The executive order directs the U.S. attorney general to compile a list of all state and local laws “purporting to address ‘climate change,’” along with ESG, environmental justice, carbon taxes, and anything involving “carbon or ‘greenhouse gas’ emissions,” and put a stop to their enforcement. “The federal government cannot unilaterally strip states’ independent constitutional authority,” New York Governor Kathy Hochul and New Mexico Governor Michelle Lujan Grisham said in a statement. “We are a nation of states — and laws — and we will not be deterred. We will keep advancing solutions to the climate crisis that safeguard Americans’ fundamental right to clean air and water, create good-paying jobs, grow the clean energy economy, and make our future healthier and safer.”
Wood Mackenzie issued its annual U.S. wind energy report this week. It finds that 2024 marked the worst year for new onshore wind capacity in the past decade, with just 3.9 gigawatts installed. Through 2029, the firm expects developers to install another 33 gigawatts of onshore capacity, 6.6 gigawatts of offshore capacity, and carry out 5.5 gigawatts of upgrades and refurbishings. The five-year outlook marks “a 40% decrease quarter-on-quarter from a previous total of 75.8 gigawatts.” The report warns of enduring “uncertainty” thanks to the Trump administration’s attacks on the wind industry. “Growth will happen, but it’s going to be slower,” wrote Michelle Lewis at Electrek. “[Trump] has managed to get some projects canceled, and he’ll make things more of a slog over the next few years.”

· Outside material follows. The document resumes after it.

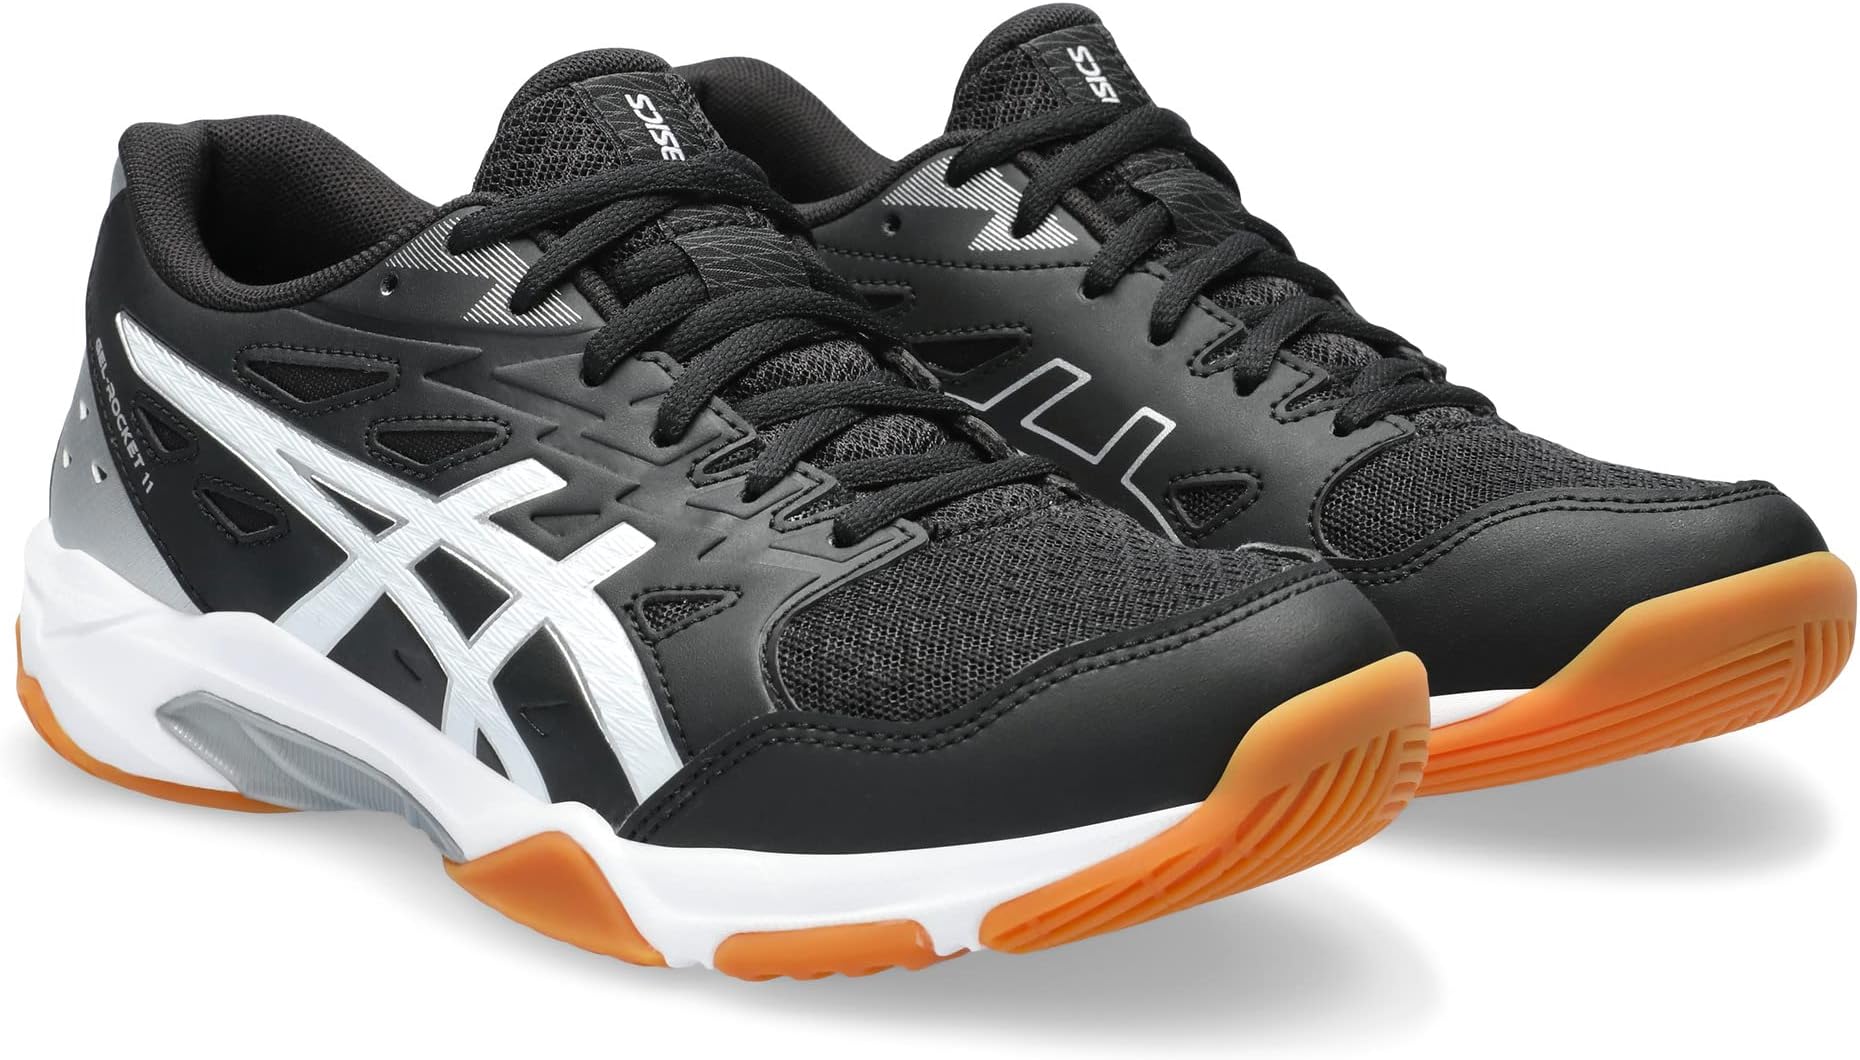 Кроссовки GEL-Rocket 11 Volleyball Shoe ASICS, цвет Black/Pure Silver kjjeaxcmy boutique jewelryar s925 pure silver retro personality boxing trend

President Trump has pulled the U.S. out of international talks to decarbonize the shipping industry and vowed to reciprocate against any fees on U.S. ships, Politicoreported. The International Maritime Organization's Maritime Environmental Protection Conference is unfolding this week in London, where negotiators are trying to agree on a policy to curb shipping pollution through carbon taxation. Shipping accounts for about 3% of global greenhouse gas emissions. Trump reportedly sent a letter to the conference saying “the U.S. rejects any and all efforts to impose economic measures against its ships based on GHG emissions or fuel choice. Should such a blatantly unfair measure go forward, our government will consider reciprocal measures so as to offset any fees charged to U.S. ships and compensate the American people for any other economic harm from any adopted GHG emissions measures.”
“What’s next, a mandate that Americans must commute by horse and buggy?”
–Kit Kennedy, a managing director at the Natural Resources Defense Council, in response to Trump’s executive orders aimed at revitalizing the U.S. coal industry.